# New 2009 300Bh Owner With 2 Questions



## FroggeFamily (Jul 23, 2012)

Hi everyone! We just upgraded from a 1995 Jayco popup to a 2009 Outback 300BH on Saturday. Talk about night and day!

The dealership filled the fresh water tank with water before we picked it up and we're wondering how to drain it. Does anyone know where the valve is to drain the fresh water tank?

Also, when we were researching this camper prior to purchasing it we had a hard time looking to see if we wee getting a good deal or not. We didn't see this model listed on Nadaguides.com. In 2009, they have a 300 bh listed under the Outback Kargoroo Series but not under the Outback series.

I received the paperwork from our insurance company today and noticed they have the camper listed as a 2009 Outback 30bhds. They received all the camper information from the dealer. I did not provide it. I looked up the 30bhds thinking that was really the correct model and maybe that's why I couldn't find the 300bh on Nada but that does not look like our camper, so I'm assuming I need to call our insurance and tell them they have the wrong camper listed... I'm just curious if they couldn't find anything for a 2009 300bh either.

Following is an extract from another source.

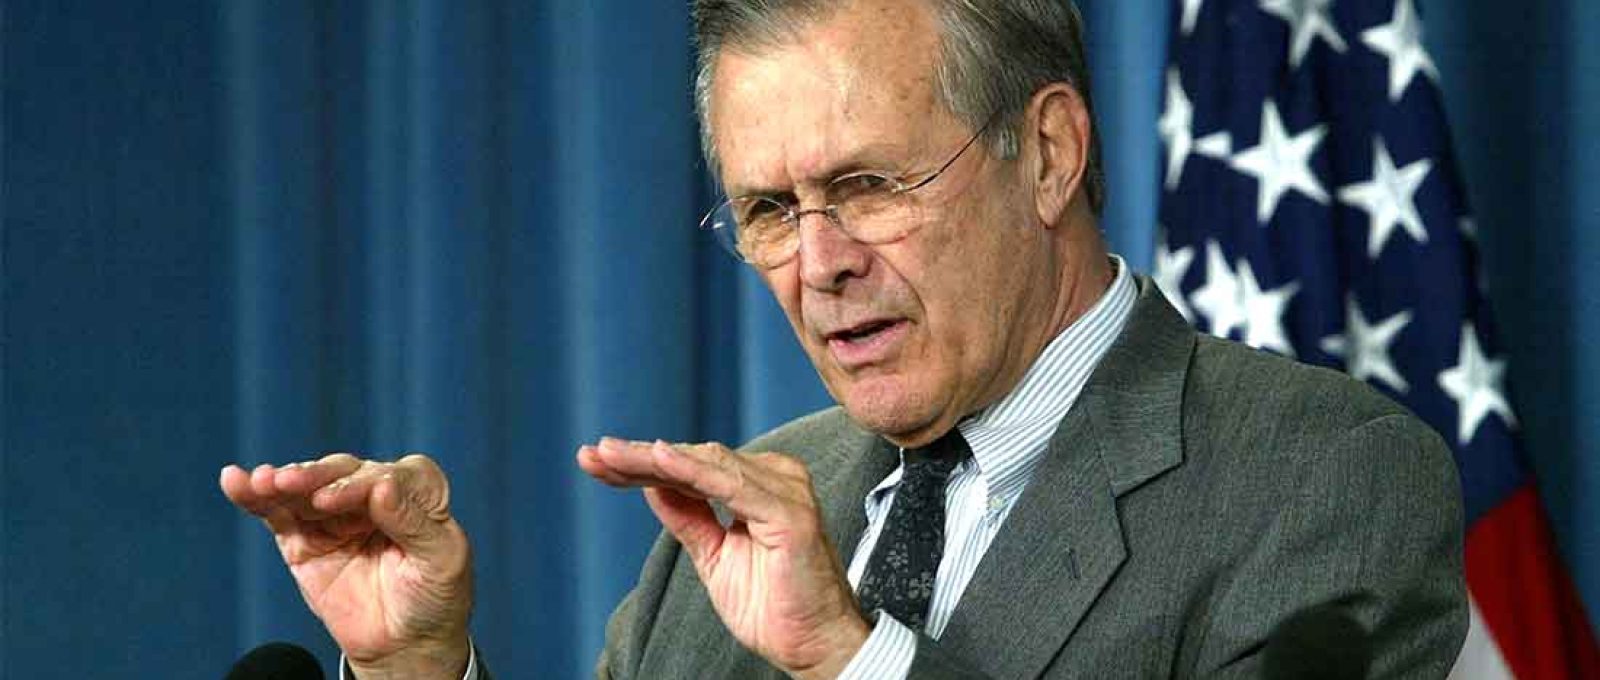 Donald Rumsfeld durante uma coletiva de imprensa no Pentágono em 23 de dezembro de 2003 (Foto: Alex Wong/Getty Images).

I've enjoyed looking around this site for the last few weeks and appreciate any help you can offer!


----------



## Oregon_Camper (Sep 13, 2004)

Keystone comes out with new model years in June so I can see how someone could be confused. What does the title say?

You can see all floorplans by year using this link. Just change the year at the end of the link to match the year you want to see.

http://www.keystone-outback.com/index.php?page=specs&year=2010


----------



## Oregon_Camper (Sep 13, 2004)

Oh...the drain should be in line with the city water filling location....but under the trailer. You might have to get down on hands/knees to see it.


----------



## ORvagabond (Apr 17, 2009)

WELCOME to Outbackers!!!


----------



## FroggeFamily (Jul 23, 2012)

Oregon_Camper said:


> Keystone comes out with new model years in June so I can see how someone could be confused. What does the title say?


I don't know what the title says because we just got the camper on Saturday and don't have any title paperwork yet. I emailed our insuarnce agent to let her know they had the wrong model listed and she replied that the lady at the dealership said there is no 300bh and thought it was a typo and said it should be a 30bhds.

I replied with a copy of the link you listed showing that there is a 300bh, as well as a seperate 30bdhs. The side of our camper lists it as a 300bh as well...

It all just seems very odd!


----------



## thelmasgang (Apr 27, 2009)

Welcome from a fellow 300BH'er


----------